-- Opening Marker --

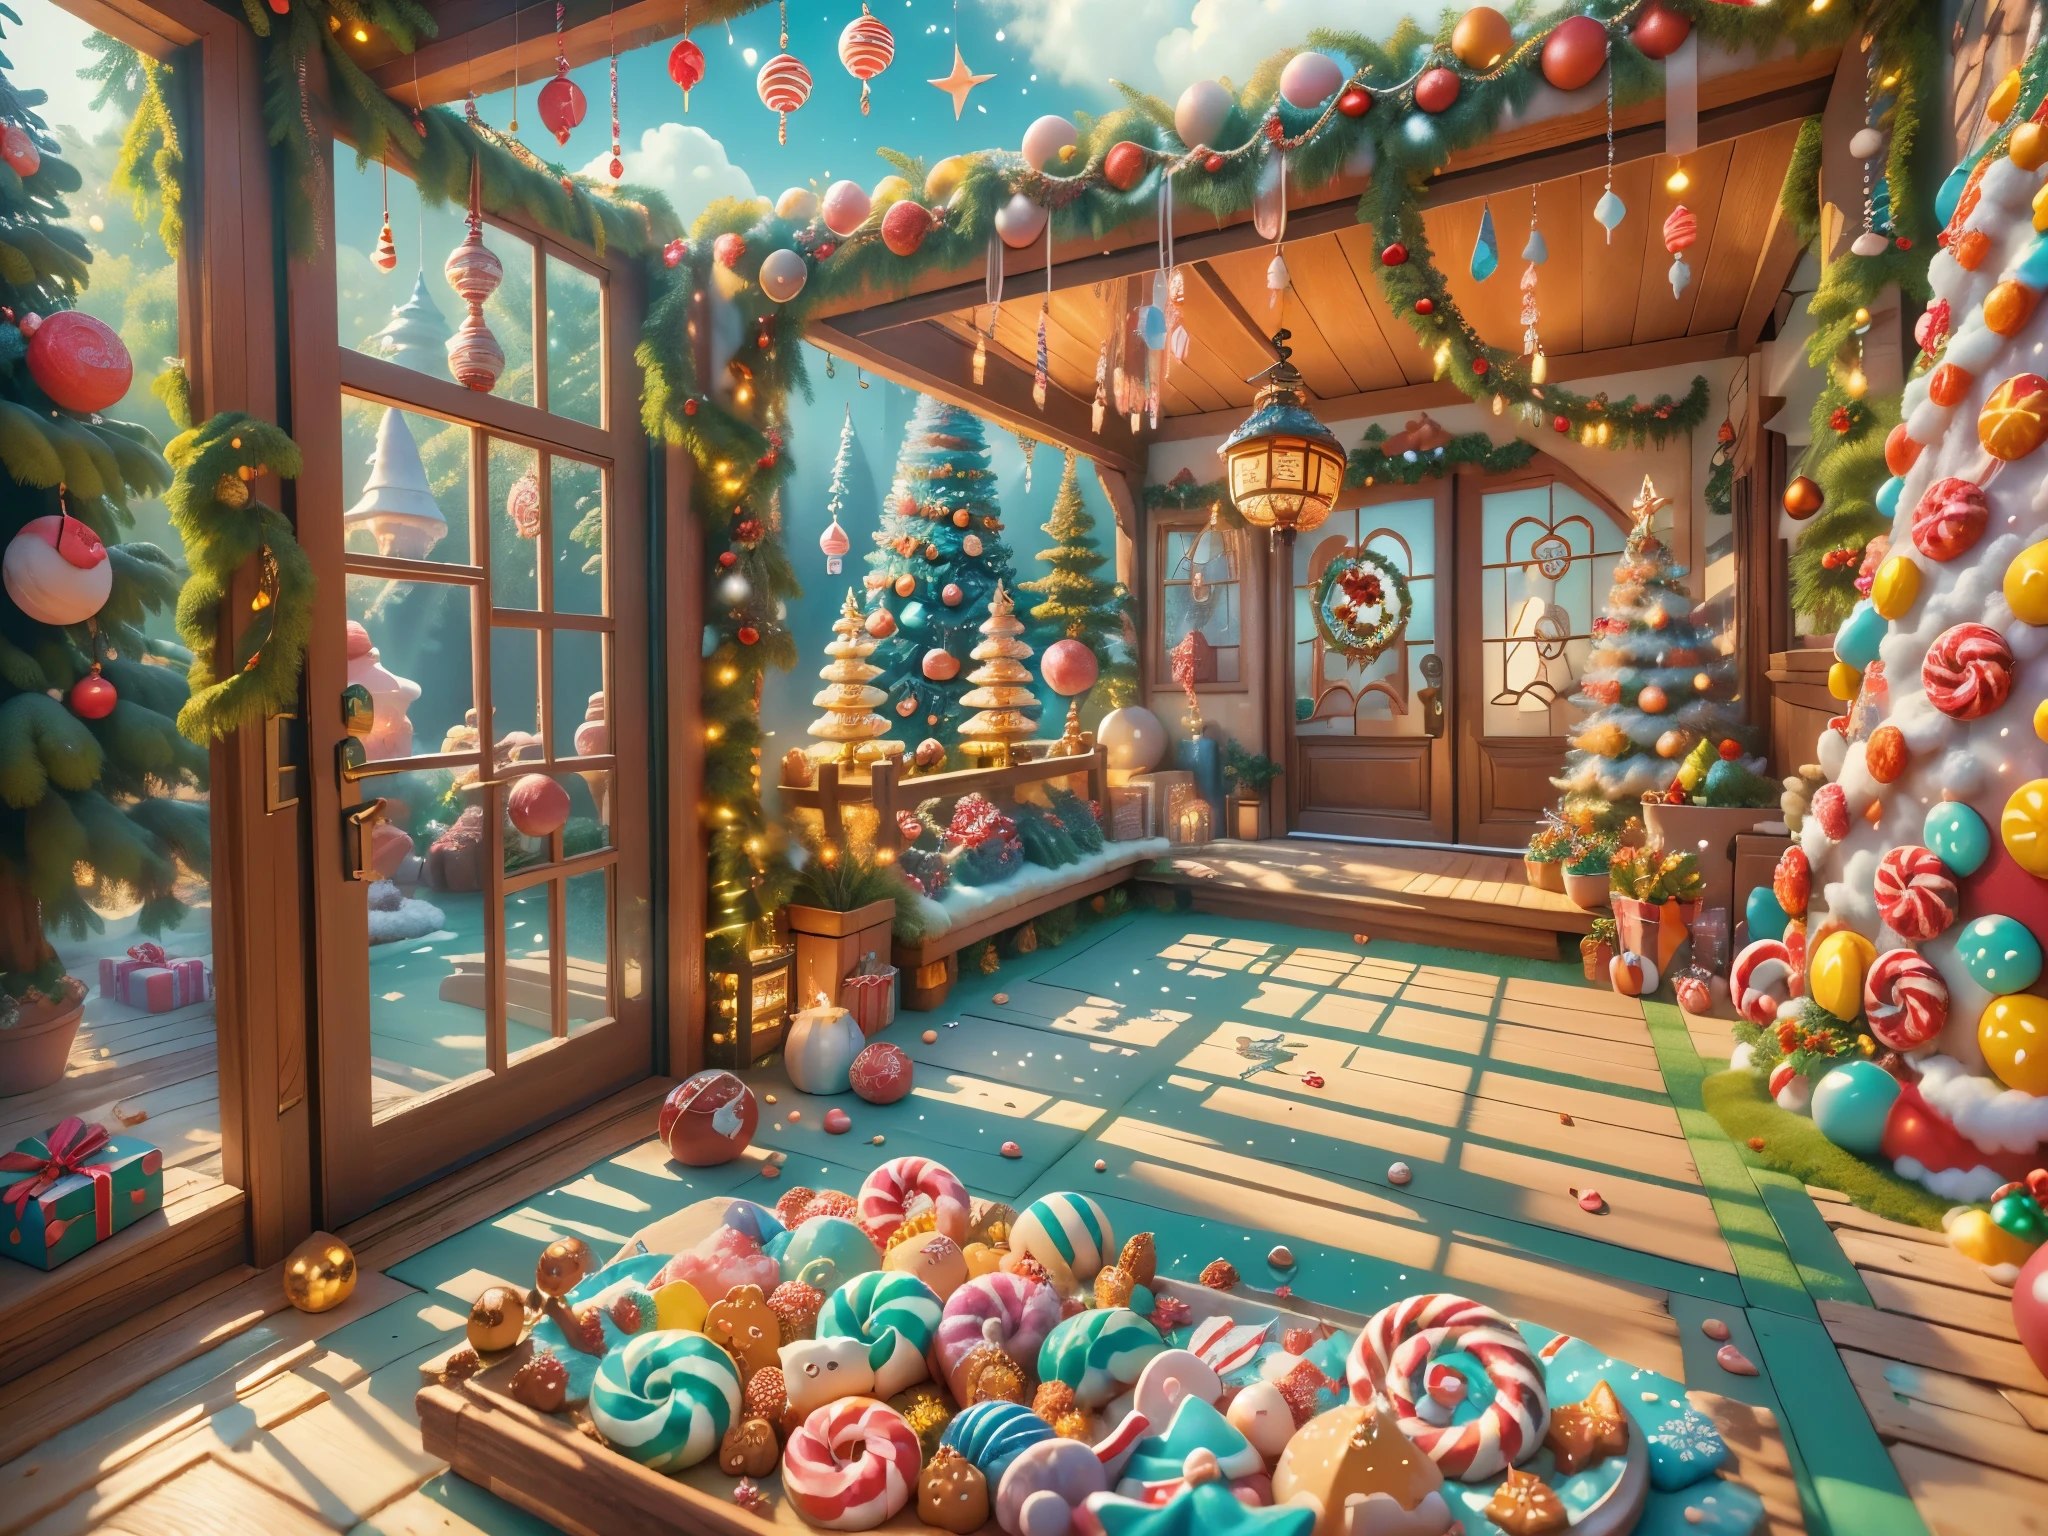 (傑作),（超詳細:1.3），(特寫: 1.8), 最好的品質，（棉花糖一样的白由希:1.2），（藍色童話裡的聖誕庭院:1.6），(藍色門上聖誕decorationlower ring: 1.8),（太陽隊），(((門前有美味的糖果，聖誕樹, 禮物, 聖誕襪, 可愛的薑餅人，巧克力屋飛濺))), 插畫風格, 裝飾, 奇幻聖誕小庭院, 可愛的設計風格, 由希，rays of 太陽隊hine，色彩鮮豔、 ((異想天開和迷人的幻想)), 超現實肖像, (奇幻主題聖誕小屋), (異想天開的聖誕配件), (豐富多彩的, 充滿糖果的風景), (妖嬈, 神奇的聖誕樹), (充滿活力的一個, 糖果色的庭院), (糖果路), (藍色糖果門) 在距離上, (像一面鏡子, 不对称傑作钟表配件), (富有的, 夢幻般的色彩), (温暖的rays of 太陽隊hine), (四維夢境), (妖嬈 atmosphere), (俏皮的作文), (生动的rays of 太陽隊hine效果), 1.4 倍真實感，超高畫質，展現在這美麗的場景中，(非常細緻，設計合理，線條清晰，高清晰度，傑作，官方藝術，電影燈光效果，8K)
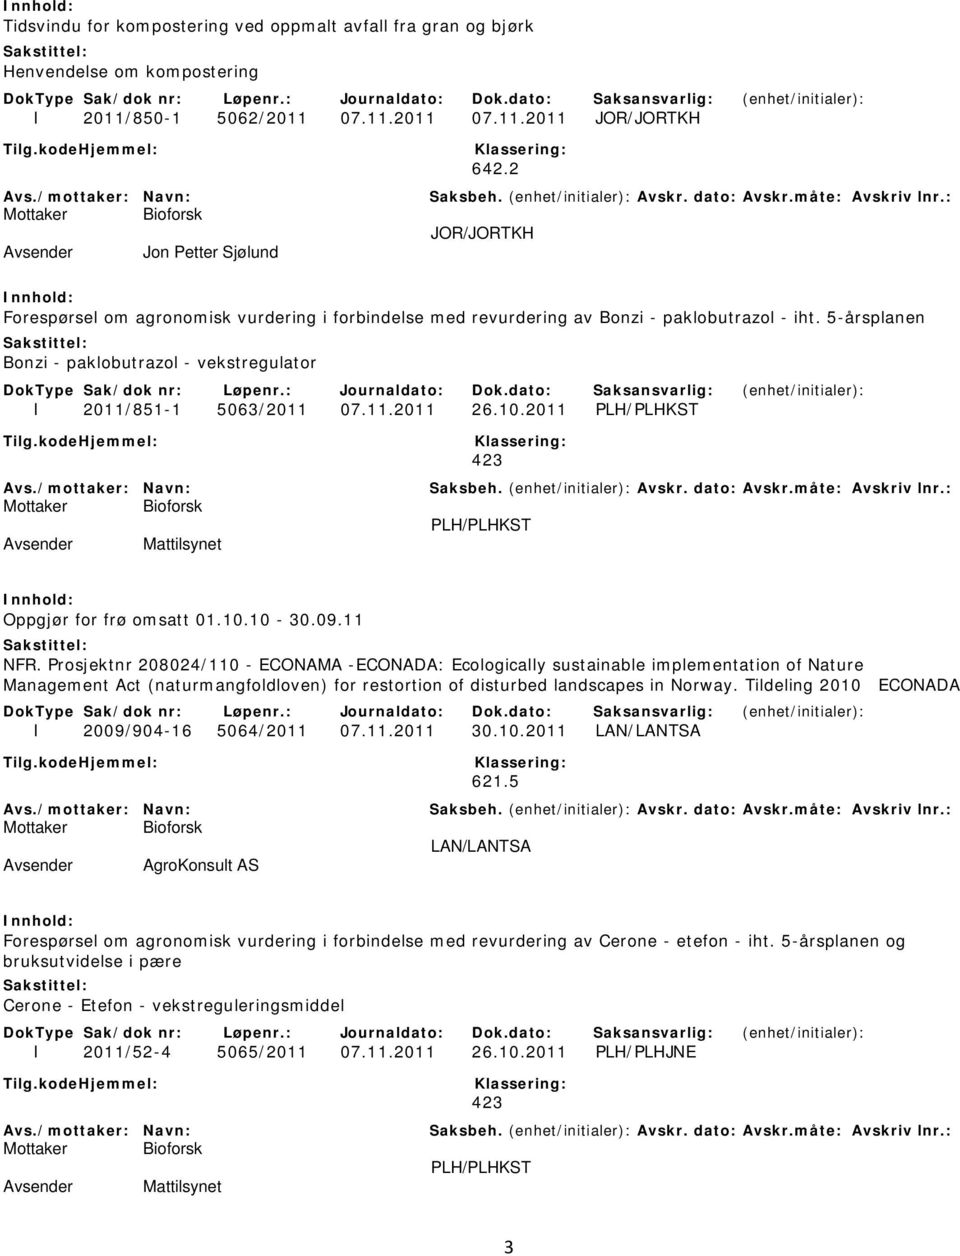 5-årsplanen Bonzi - paklobutrazol - vekstregulator I 2011/851-1 5063/2011 07.11.2011 26.10.2011 PLH/PLHKST 423 PLH/PLHKST Mattilsynet Oppgjør for frø omsatt 01.10.10-30.09.11 NFR.
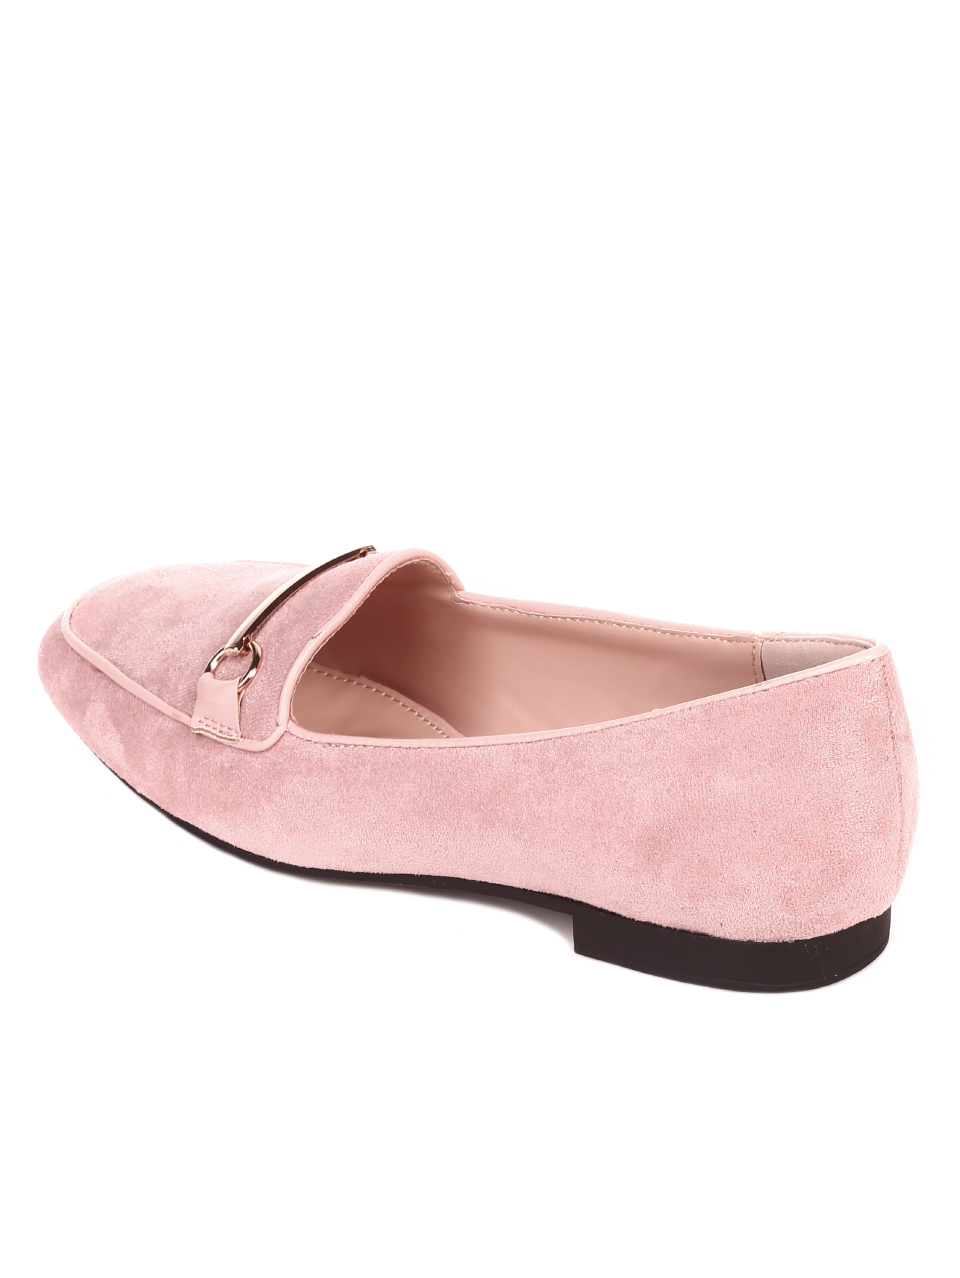 Ежедневни дамски обувки в розово 3M-21822 pink

-- Closing Marker --

== Problem description ==
With pictures excluded, the material is to be written out exactly as given.

== Task result ==
 (傑作),（超詳細:1.3），(特寫: 1.8), 最好的品質，（棉花糖一样的白由希:1.2），（藍色童話裡的聖誕庭院:1.6），(藍色門上聖誕decorationlower ring: 1.8),（太陽隊），(((門前有美味的糖果，聖誕樹, 禮物, 聖誕襪, 可愛的薑餅人，巧克力屋飛濺))), 插畫風格, 裝飾, 奇幻聖誕小庭院, 可愛的設計風格, 由希，rays of 太陽隊hine，色彩鮮豔、 ((異想天開和迷人的幻想)), 超現實肖像, (奇幻主題聖誕小屋), (異想天開的聖誕配件), (豐富多彩的, 充滿糖果的風景), (妖嬈, 神奇的聖誕樹), (充滿活力的一個, 糖果色的庭院), (糖果路), (藍色糖果門) 在距離上, (像一面鏡子, 不对称傑作钟表配件), (富有的, 夢幻般的色彩), (温暖的rays of 太陽隊hine), (四維夢境), (妖嬈 atmosphere), (俏皮的作文), (生动的rays of 太陽隊hine效果), 1.4 倍真實感，超高畫質，展現在這美麗的場景中，(非常細緻，設計合理，線條清晰，高清晰度，傑作，官方藝術，電影燈光效果，8K)
 5-årsplanen Bonzi - paklobutrazol - vekstregulator I 2011/851-1 5063/2011 07.11.2011 26.10.2011 PLH/PLHKST 423 PLH/PLHKST Mattilsynet Oppgjør for frø omsatt 01.10.10-30.09.11 NFR.
 Ежедневни дамски обувки в розово 3M-21822 pink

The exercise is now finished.